Cell proliferation activity delineated by molecular docking of four new compounds isolated from the aerial parts of Suaeda monoica Forssk. ex. J.F. Gmel

Using different chromatographic methods, four new compounds were isolated from the aerial parts of Suaeda monoica (Chenopodiaceae) along with 2-hydroxy-1-naphthoic acid (SCM-3). The structures of the new compounds were established as 6′-hydroxy-10′-geranilanyl naphtha-1-oate (SMC-1), 4,4,8β,10β-Tetramethyl-9β-isobutanyl decalin-13-ol-13-O-β-D-xylopyranoside (SCM-2), 6′-(2-hydroxynaphthalen-3-yl) hexanoic acid (SCM-4) and 1′-(2-Methoxy-3-naphthyl)-4′-(2′'-methylbenzoyl)-n-butane (SMC-5) by IR, EIMS and NMR (1 & 2D) analyses. All compounds (50 μg/mL) were tested for cell proliferative potential on cultured human liver cell HepG2 cells by MTT assay. The results revealed a marked cell proliferative potential of all compounds (1.42–1.48 fold) as compared to untreated control. The results of molecular docking and binding with specific proteins such as PTEN (Phosphatase and Tensin homolog) and p53 also justify the cell proliferative potential of the isolated compounds. Glide program with Schrodinger suit 2018 was used to evaluate the binding between SMC compounds and proteins (PTEN and p53). The binding affinity of all compounds was in order of 10(4)–10(5) M(−1) towards both PTEN and p53. All the SMC compounds have been found to bind at the active site of PTEN, thereby may prevent the binding of phosphatidylinositiol 3,4,5-triphosphate (PI3P). In the locked position, PTEN would not be able to hydrolyze PI3P and hence the PI3P regulated signaling pathway remains active.

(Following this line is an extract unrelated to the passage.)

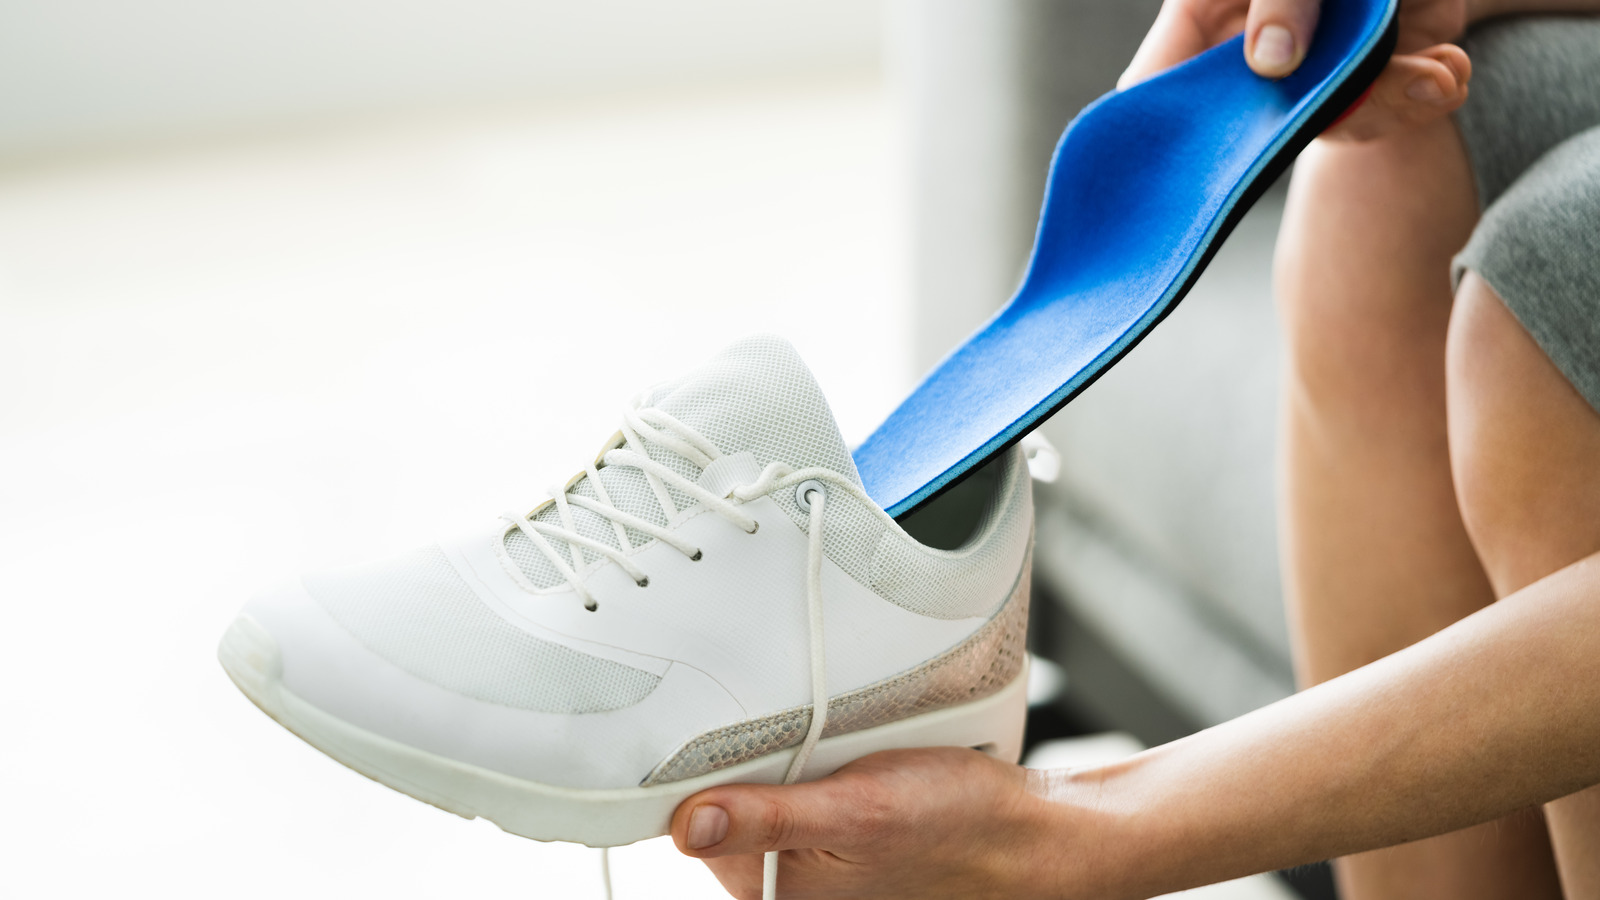 Insoles: Stop Fighting It And Buy Them Already (Your Feet Deserve It)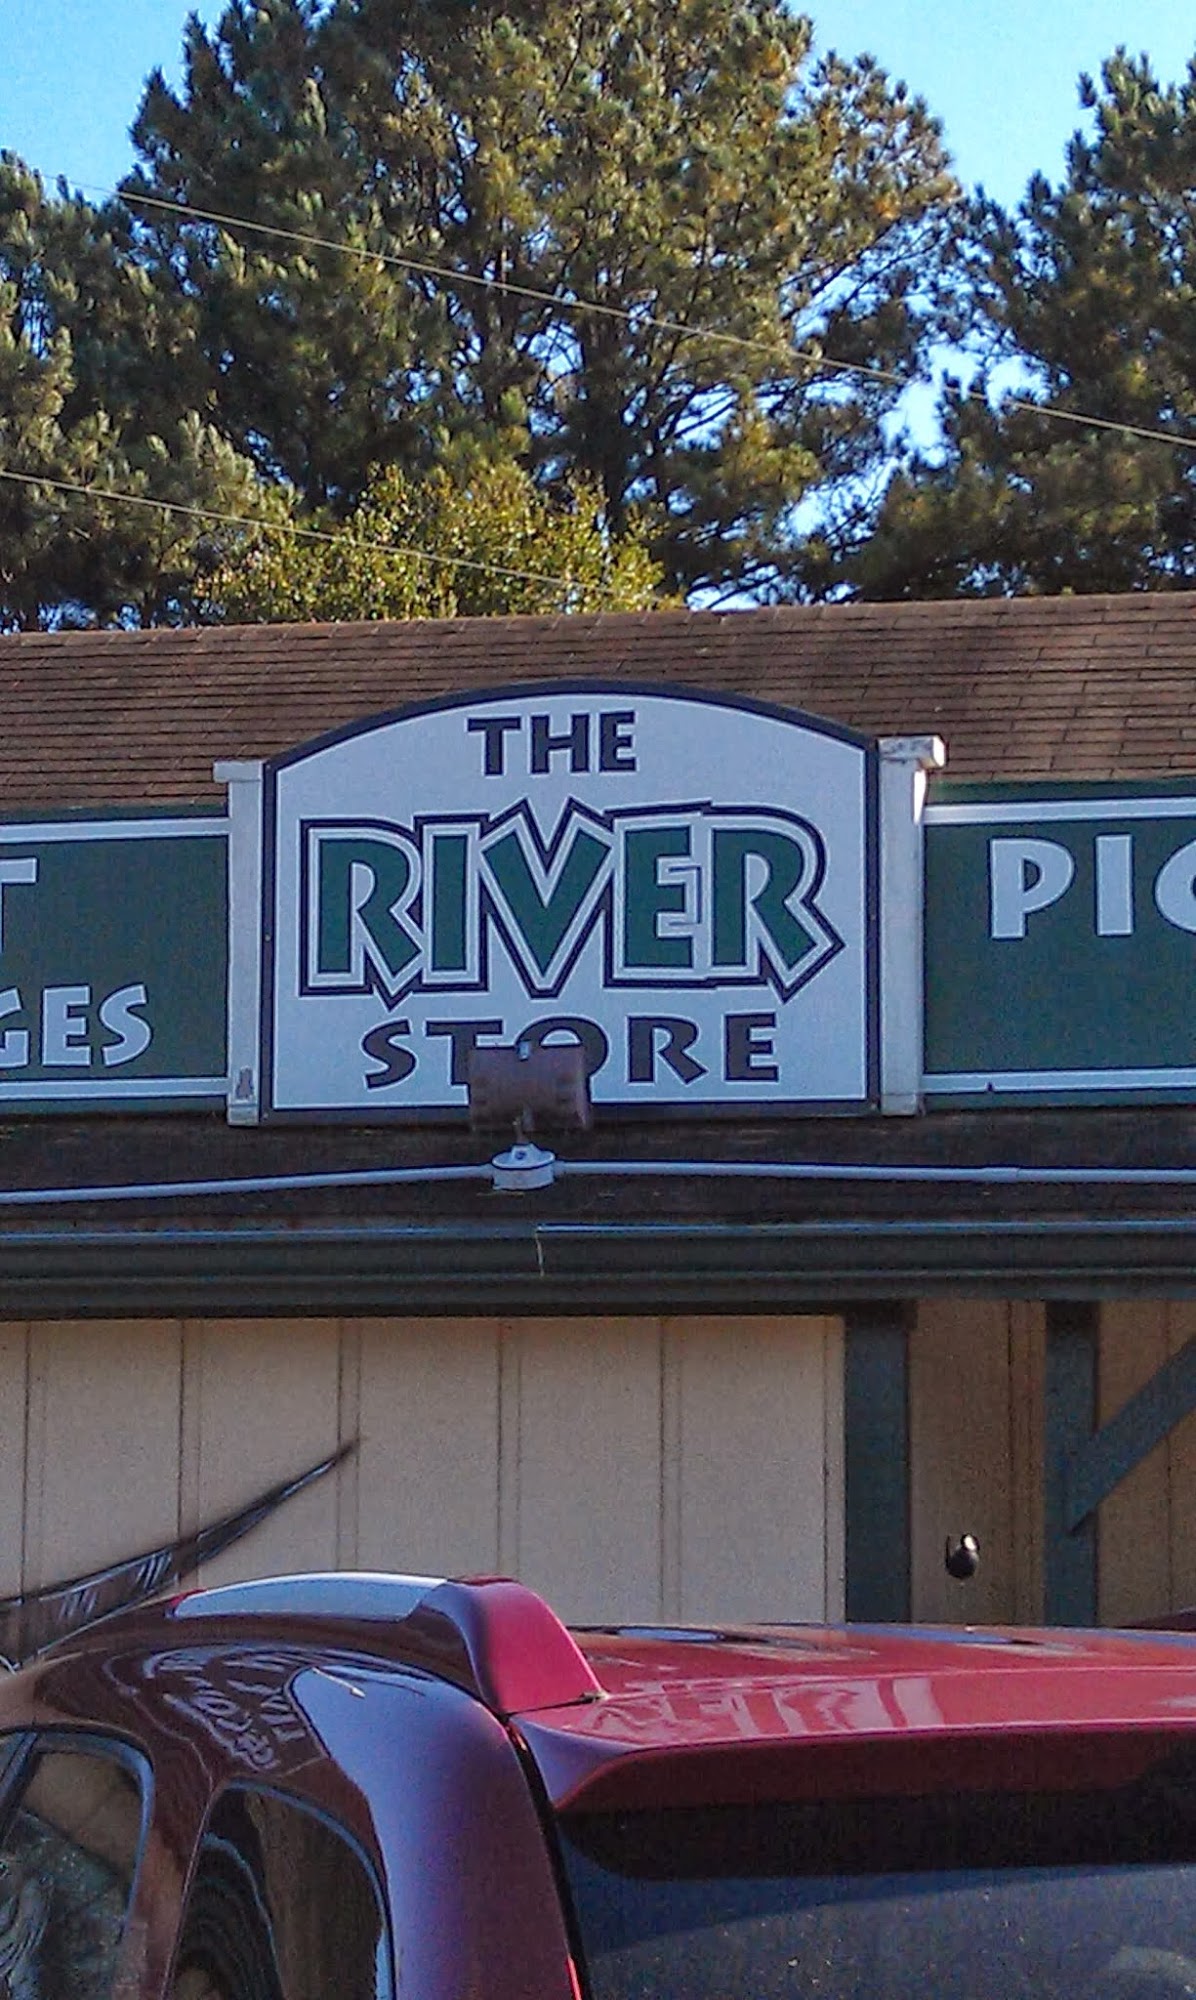 The River Store

Similarly, SMC molecules were found to interact with the amino acid residues (Ser99, Thr170, Gly199, and Asp224) which are critically involved in the formation of tetrameric p53. The blockage of p53 to attain its active conformation thus may prevent the recruitment of p53 on DNA and hence may promote cell proliferation.